The last chapter points out the conflicts and problems facing the individual nomadic groups. For most nomads it has become almost impossible to maintain their culture in its original form. For example, for nomads and other pastoralists, grazing land is particularly important, but due to the ongoing privatisation of land, nomads are being pushed back further and further and are deprived of the possibility to maintain their way of life. At the same time, climate change is making nomadic life more difficult.

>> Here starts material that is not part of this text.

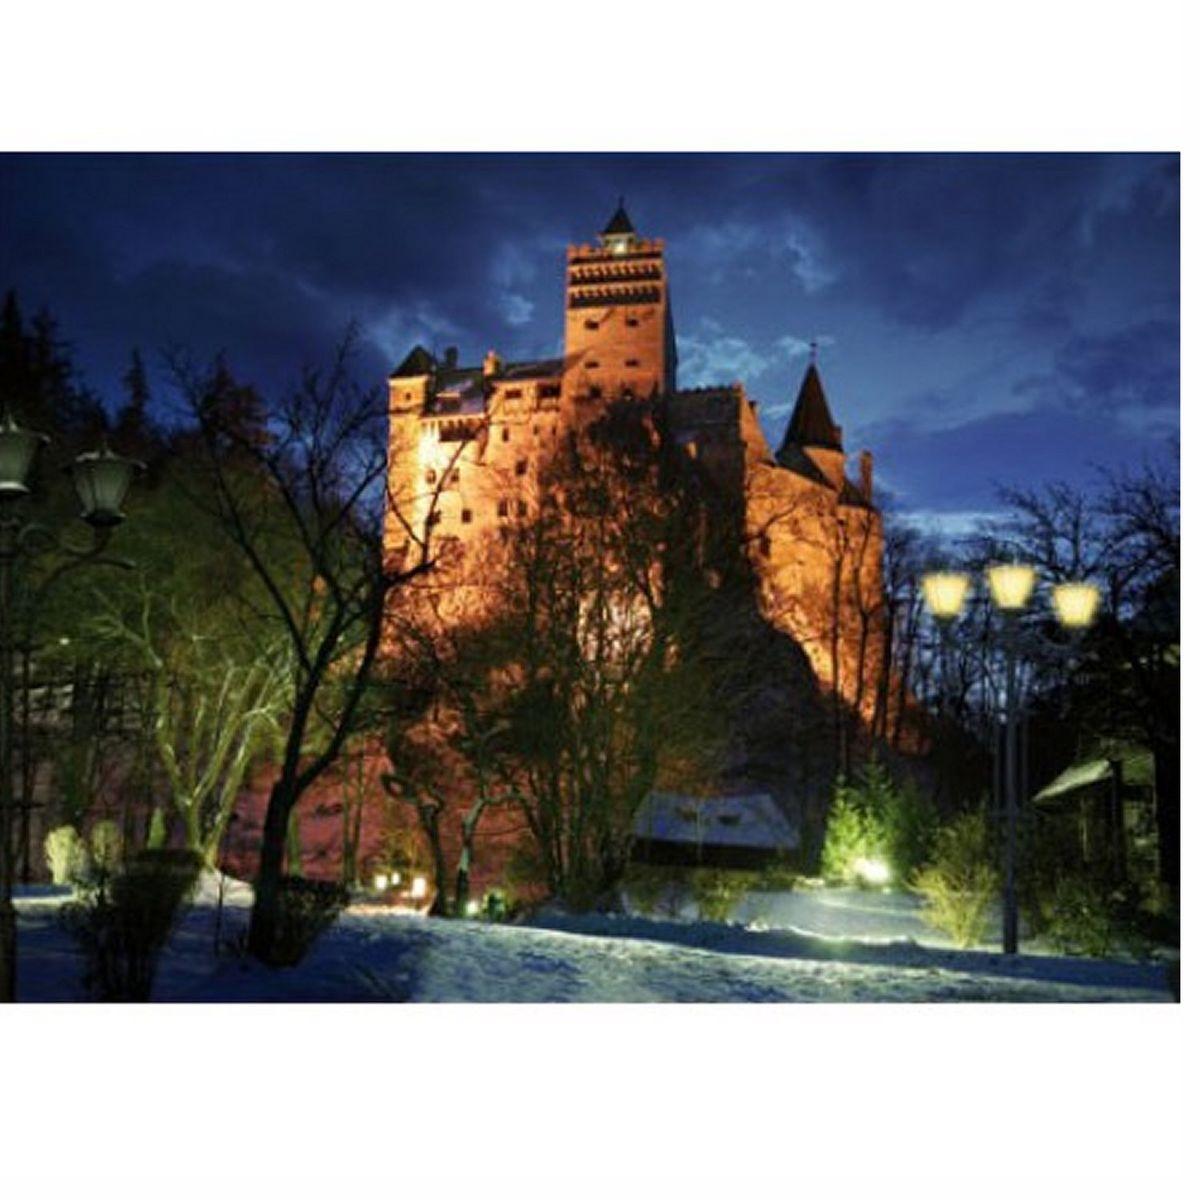 Puzzle 1000 pièces - Roumanie : Château de Bran dans la nuit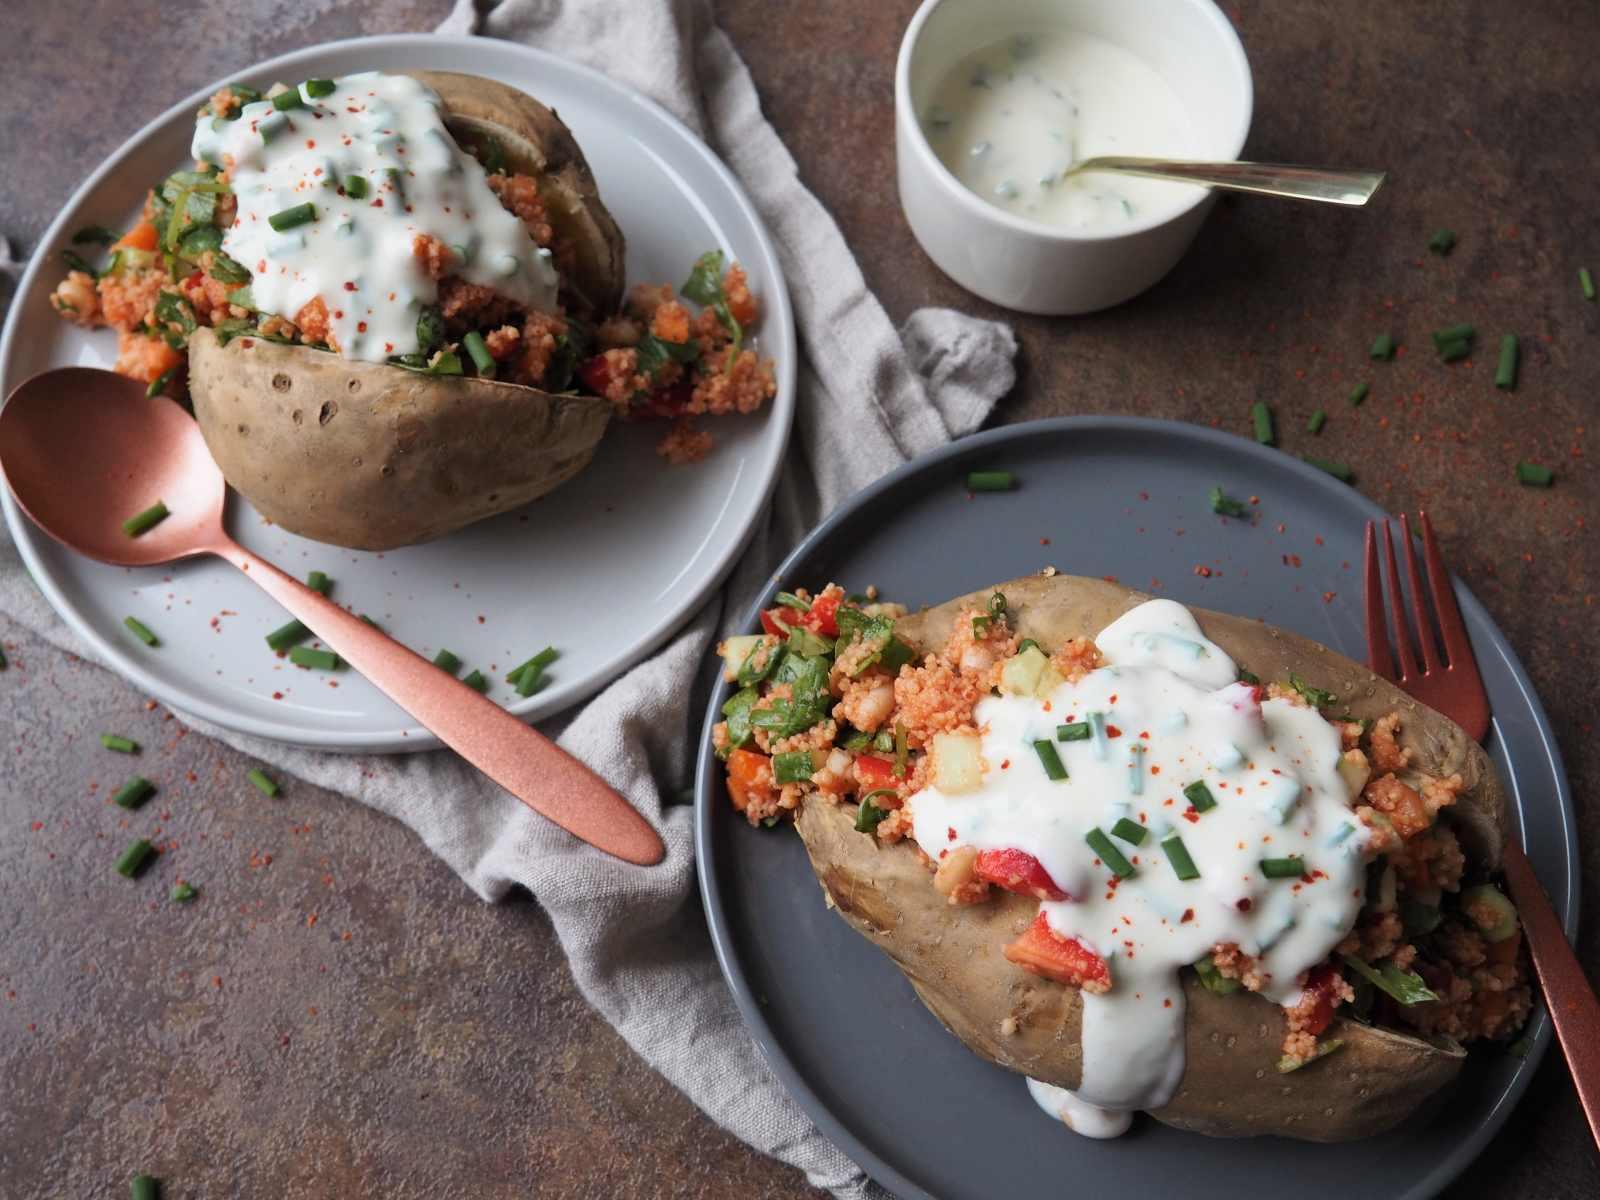 Vegane Kumpir mit Couscous-Salat und Dip angerichtet auf zwei Tellern

Growing up in Bavaria, the land of The Blue Rider (Kandinsky, Macke, Franz Marc CAROLINE REISSNER is was inspired early by the fantastical picture world of this lake and mountain landscape. After successful years in the field of communication and media design in Munich, she started working as a freelance artist in 2016 and has been enrolled since then at the HAW in the Illustration Design Department. In 2019, during a semester abroad at the Griffith University in Brisbane/Australia, she discovered her love for fantastic natural worlds and the small hidden details. www.caroline-reissner.de

JURY REPORT An imaginary present, constructed like a stage set, gives rise to worlds beyond industrial civilisation. The gesture of the mother and daughter welcome us and seem to ask us: ‘Do we really (still) exist?’ The dynamic perspectives open our eyes. Once vertically from above, like a bird engaging in a conversation with the nomadic children, very immediate. Back in the horizontal, we see the children from behind, we join them in asking: Has our globe not long since finished with this diversity? The images disagree. An apparently unreal simultaneity that corresponds with a magical-realistic style. Earthy, warm colours in digital painting manage without bold outlines, create warmth and proximity – and optimism.